### GIVEN INFORMATION
• • • •
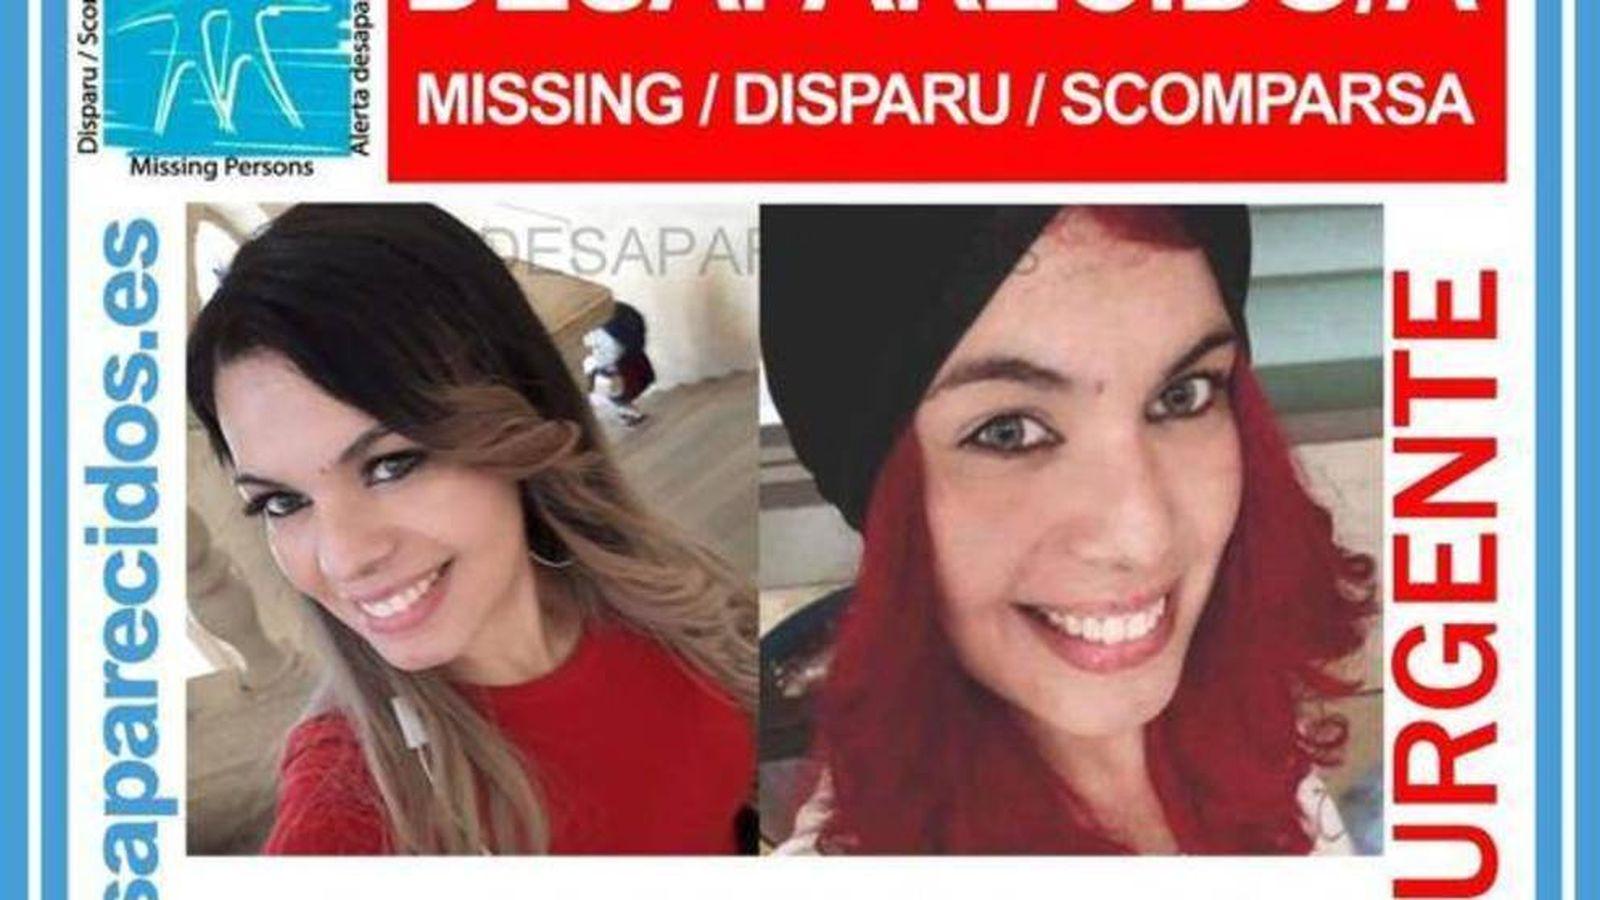 Foto: La Guardia Civil aún trata de esclarecer el caso de Romina Celeste, cuyo cuerpo no ha sido encontrado. (EC)
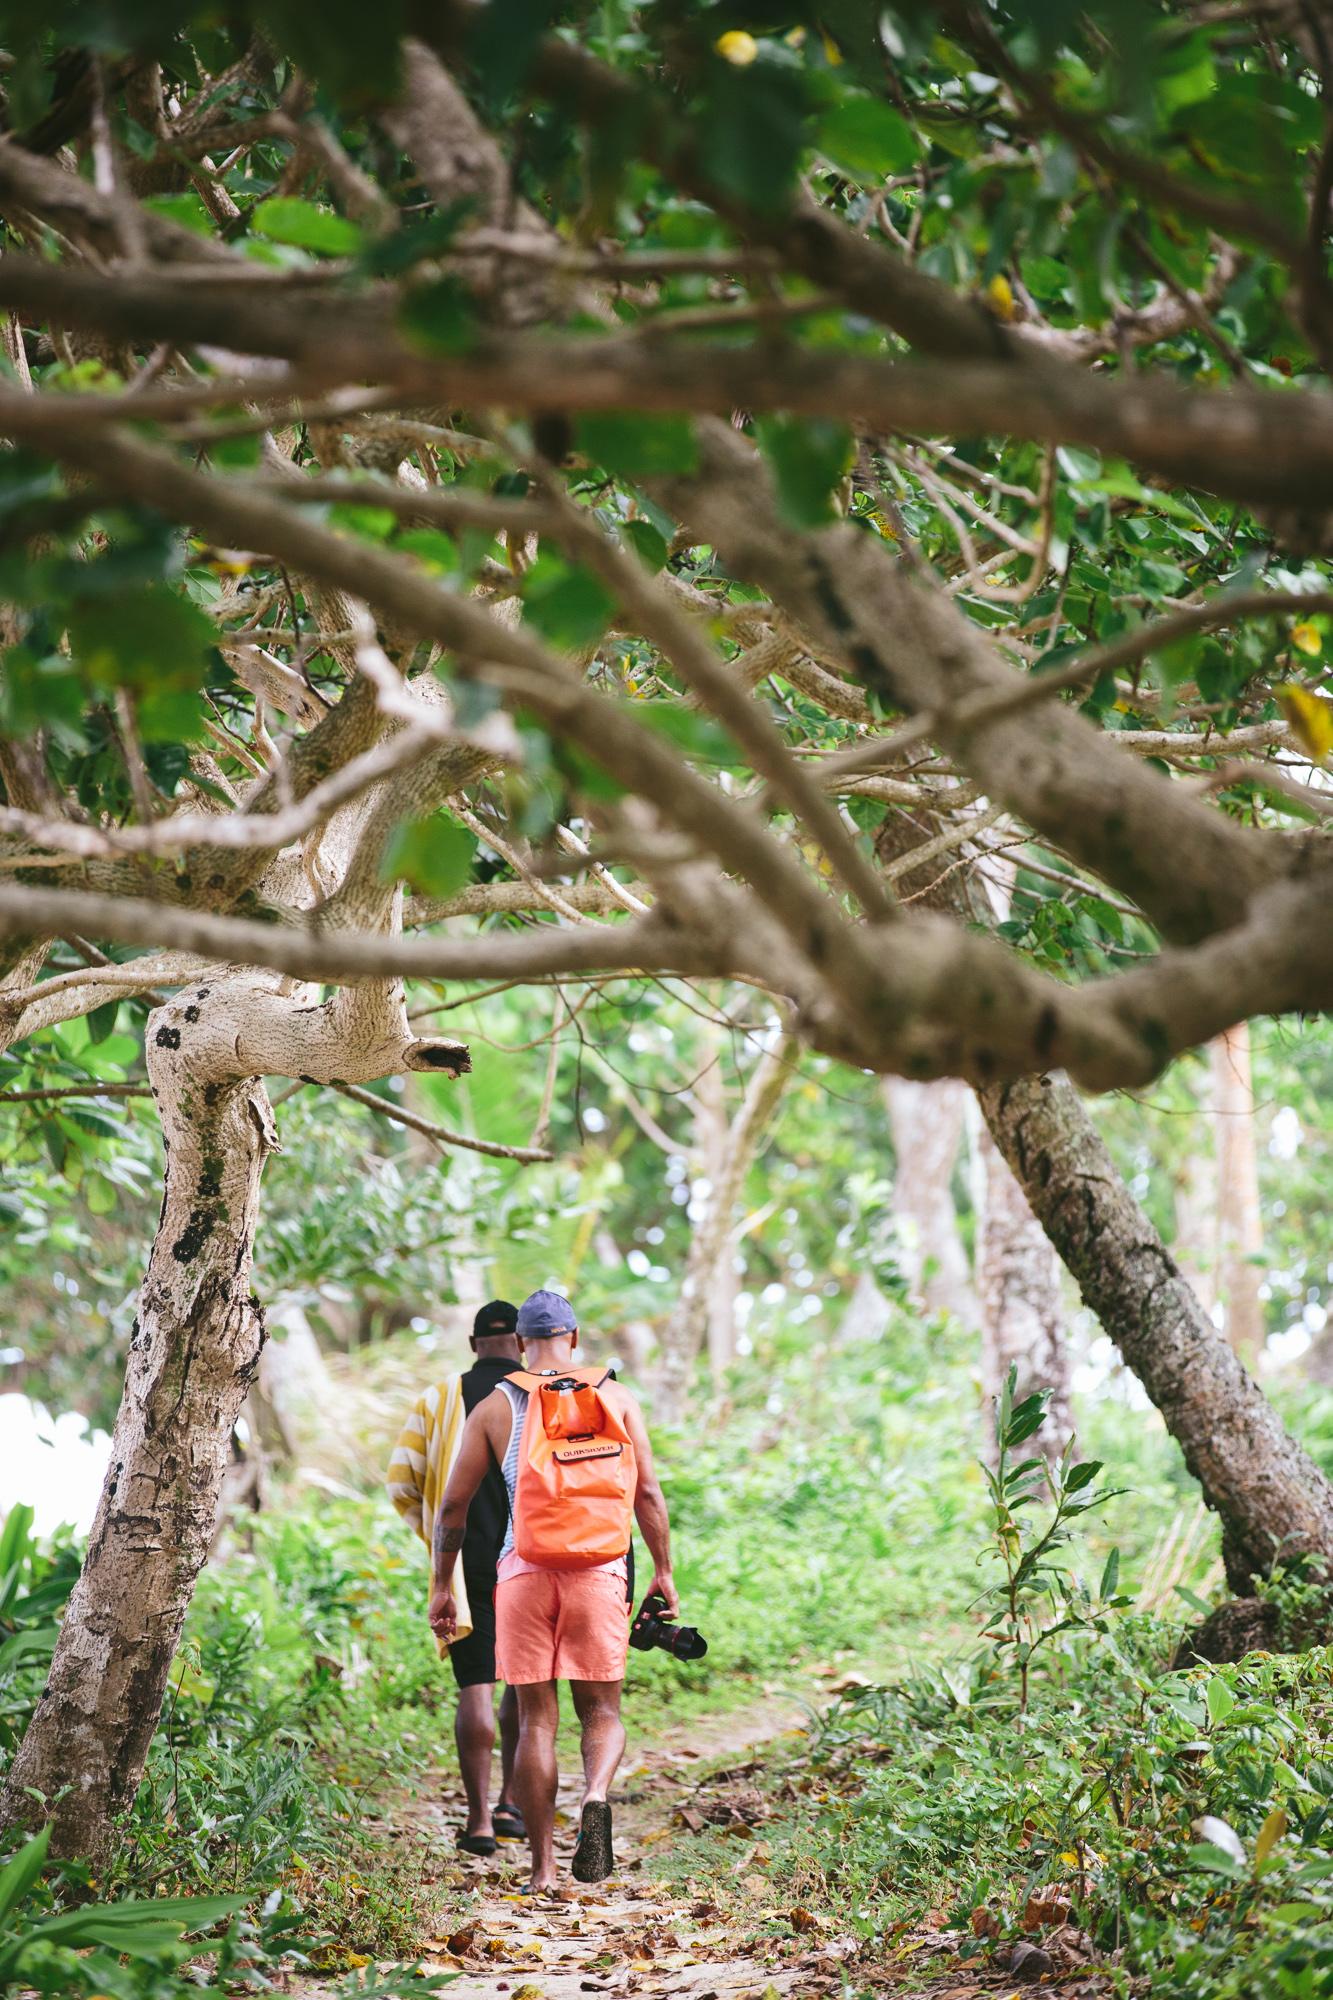 Hiking - Lavena Coastal Walk - Taveuni - The Remote Resort, Fiji Islands - Waterfalls
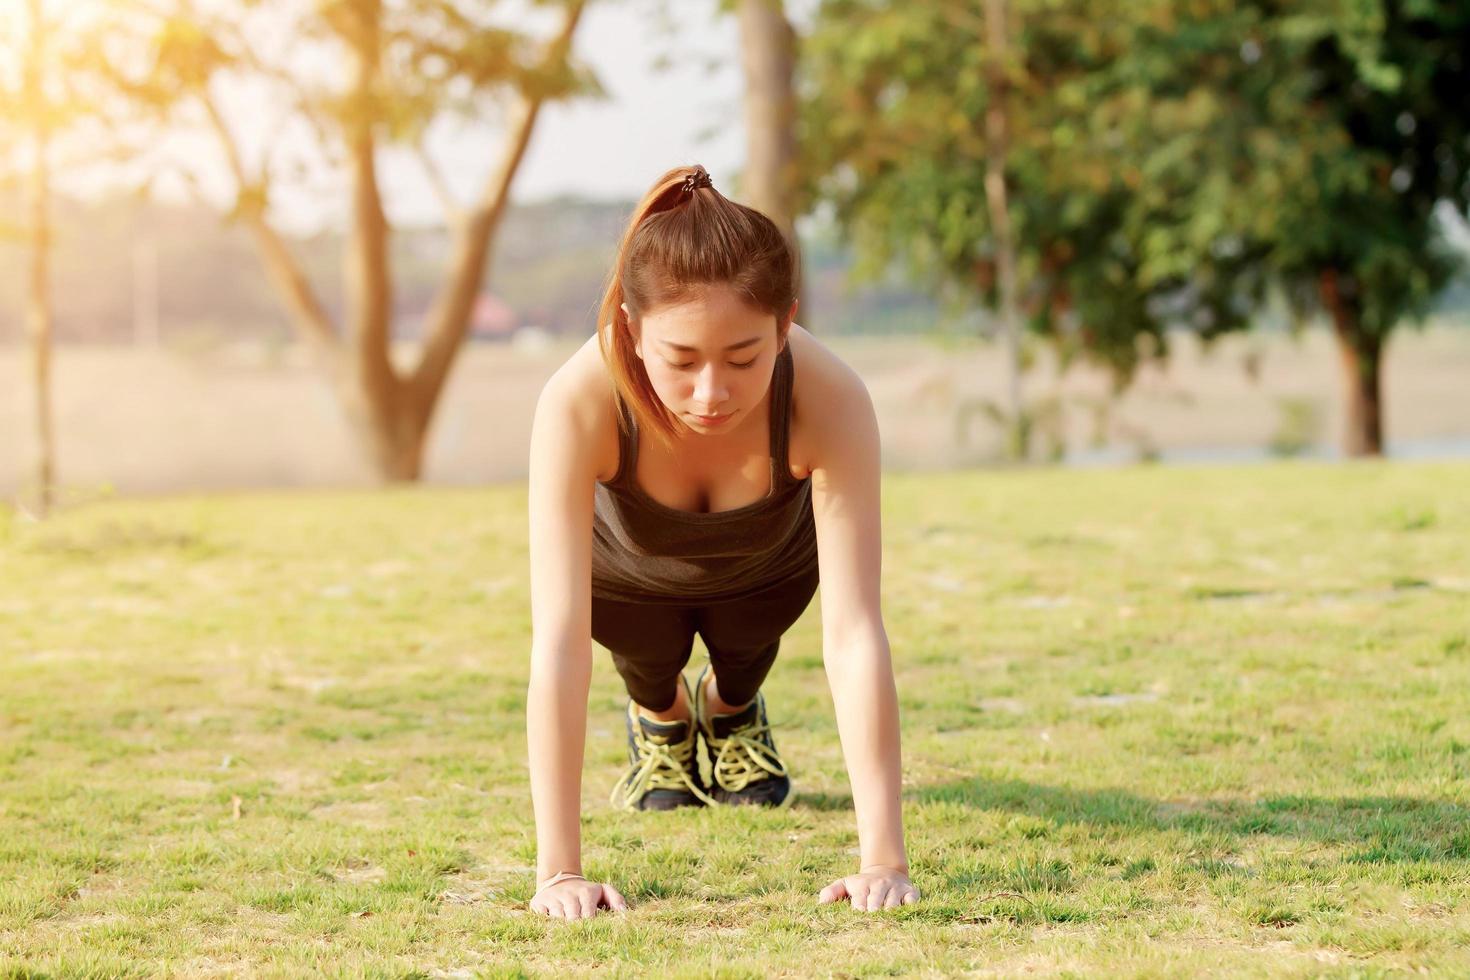 sportliche Frau, die in Plankenposition aufwärmt foto
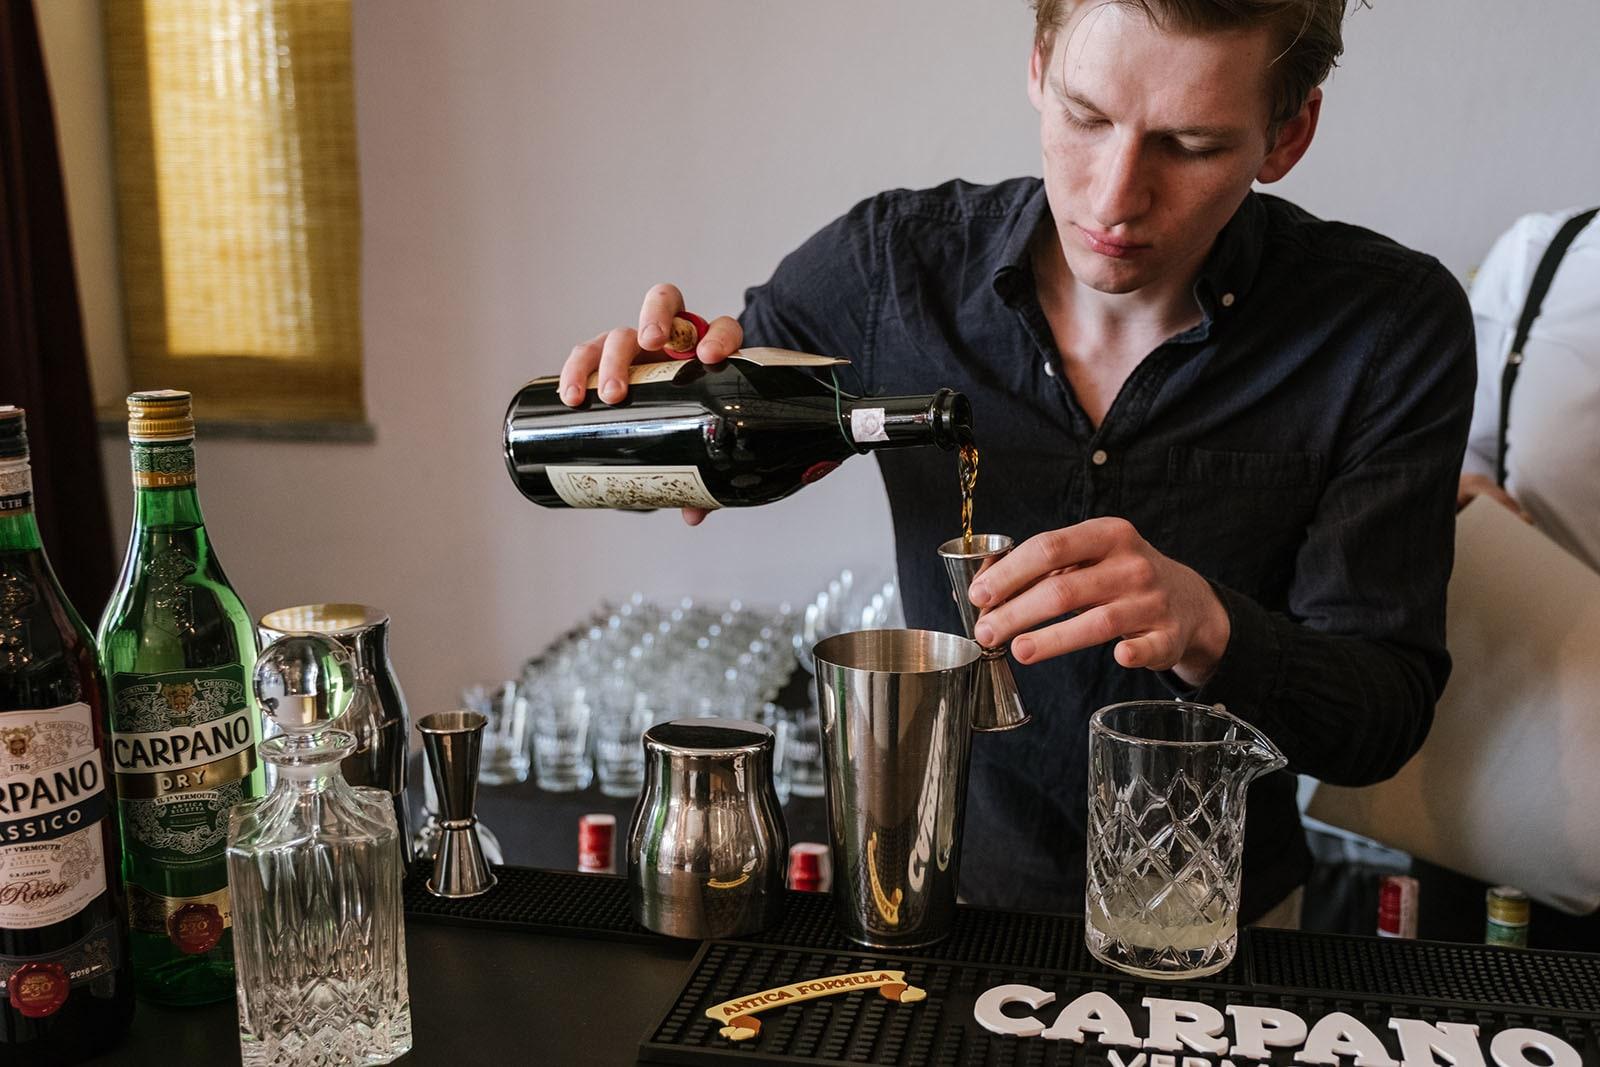 Vermouth, Carpano
• • • •
Print out all the material word for word but exclude any images.

 Foto: La Guardia Civil aún trata de esclarecer el caso de Romina Celeste, cuyo cuerpo no ha sido encontrado. (EC)
 Hiking - Lavena Coastal Walk - Taveuni - The Remote Resort, Fiji Islands - Waterfalls
 sportliche Frau, die in Plankenposition aufwärmt foto
 Vermouth, Carpano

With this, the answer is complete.